My main gripe with Fazio courses in the past has been some rather unimaginative cookie-cutter green complexes in places, but here at Fallen Oak such a thing was not a concern. From the first, which features a horizontal spine about midway through the green, to the enormous and undulating eighteenth, the greens were delightfully creative, extraordinarily quick, and nearly impossible for a Midwesterner used to winter bentgrass. Mainly thanks to those greens and the ever-present wind whipping through the trees, the course certainly lived up to its pedigree in terms of difficulty. The property featured a surprising amount of elevation change compared to nearly every other course on the Coast, in many stretches of holes never allowing the player to get a comfortable flat lie, and featuring enough of a variety of hole lengths that every club in the bag was tested. While the outward nine felt a bit more open, a number of ponds came into play to ratchet up the difficulty, and a few large trees were used in particularly clever fashion, such as the live oaks restricting the second shot on the par five sixth. The huge ninth green featured a small protrusion in its back right portion that fell away and down-grain from the rest of the green; naturally, the pin was located back there, making a three-putt all but guaranteed.

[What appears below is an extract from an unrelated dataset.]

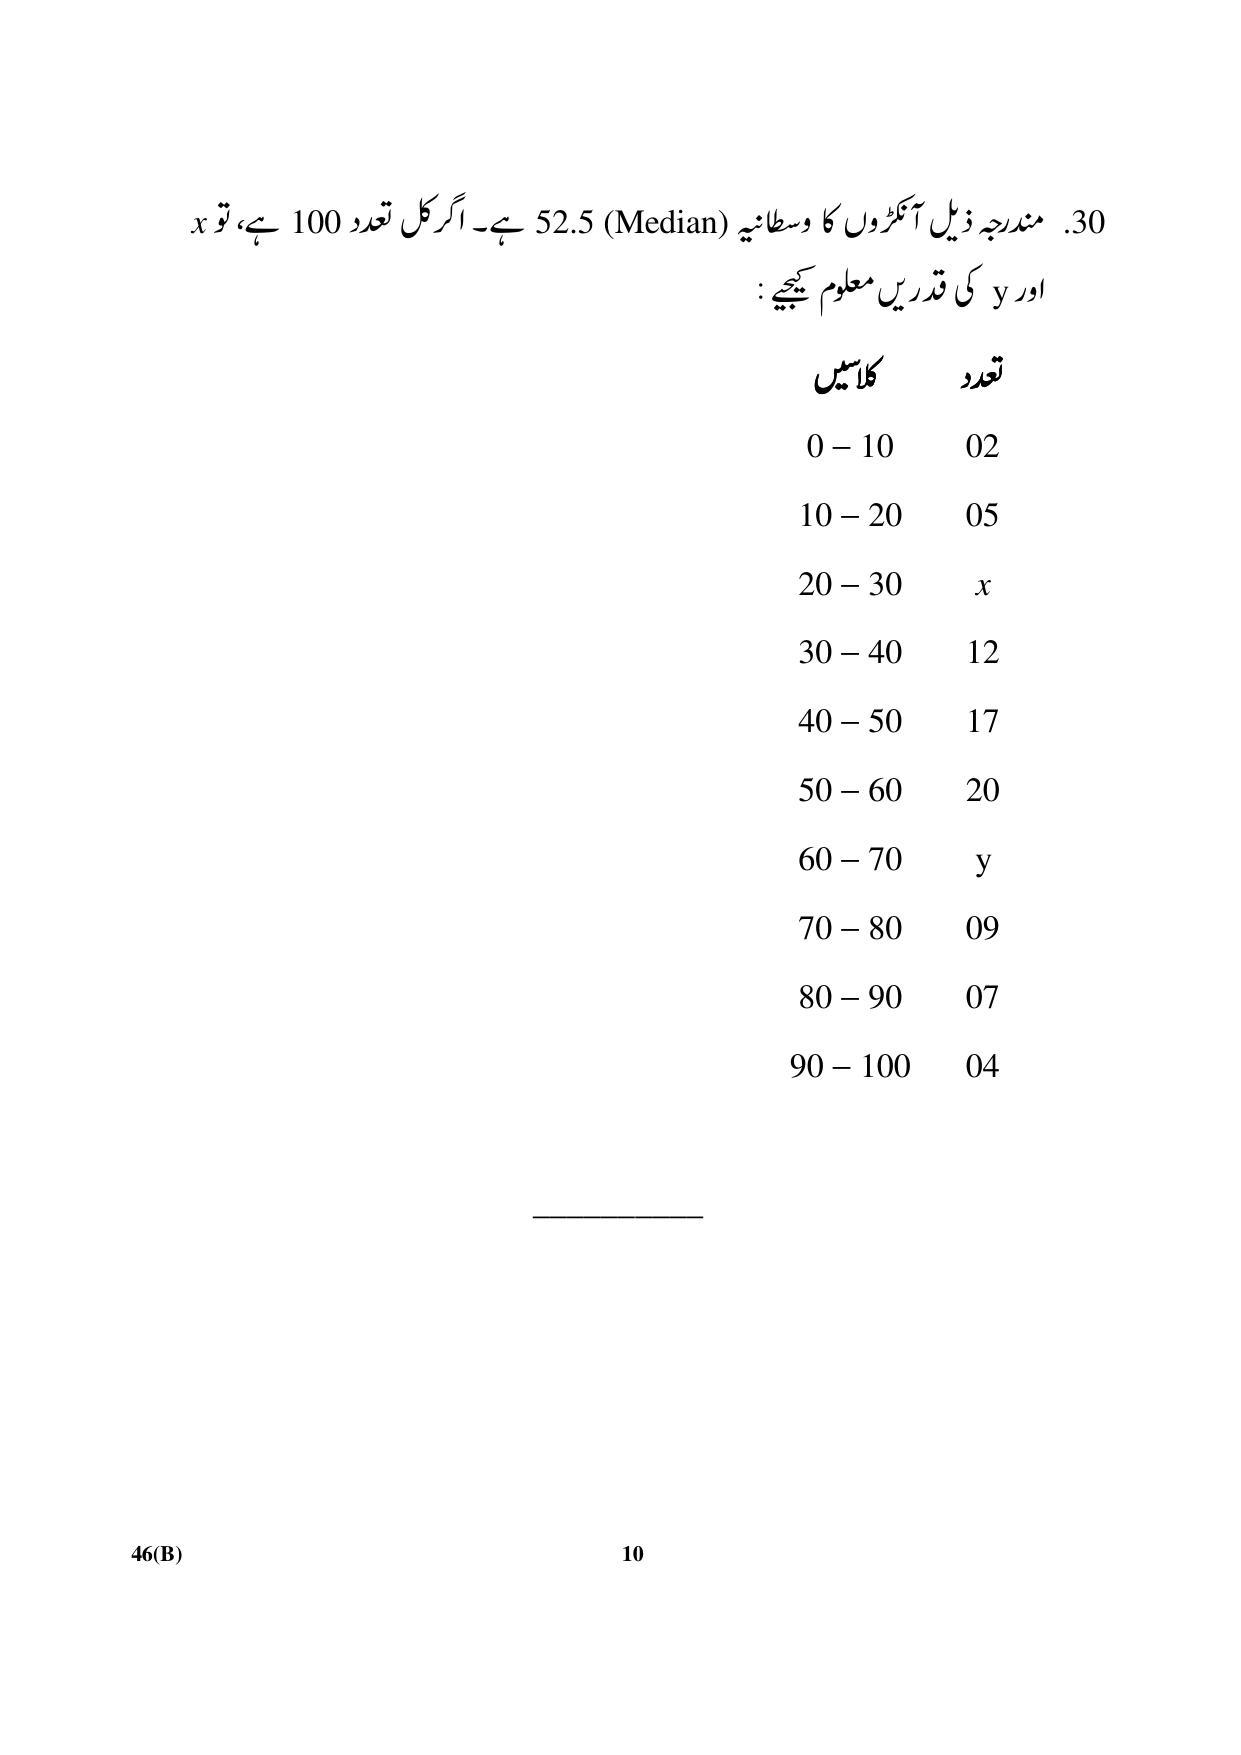 CBSE Class 10 46(B) Maths (For Blind) Urdu Version 2018 Question Paper - Page 10

Despite the hillier terrain and narrower hole corridors of the back nine, I enjoyed that side at Fallen Oak more than the front. After a couple of tricky short par fours at the eleventh and twelfth, my favorite three-hole stretch of the course began, taking advantage of the hilliest portion of the property. The thirteenth is a dogleg left par five that exemplifies the discomfort I cited earlier; there is no easy shot from this rumpled fairway, and many a good second shot will kick left to the point that the approach is semi-blind and difficult to judge over the front bunkers. Following this uphill brute is a wonderfully devilish short hole, the par three fourteenth, which plays slightly downhill to what I considered to be the most exciting green on the course. Surrounded by bunkers front and left and set in a lovely opening in the deep forest, the green features two small shelves in the front left and back right that are separated by a ridge; the front left portion, however, feeds off of the green at the front middle, as I learned when I landed my ball a mere six feet right of the flag and watched it roll twenty more feet down the hill to its right. Finally, the fifteenth – another par five – tumbles back downhill opposite the thirteenth and thus plays significantly shorter. This hole was as close as I came to birdie all day at Fallen Oak; despite being on the back fringe in two shots and admittedly inches from rolling over the back of the green into the woods, I three-putted for par.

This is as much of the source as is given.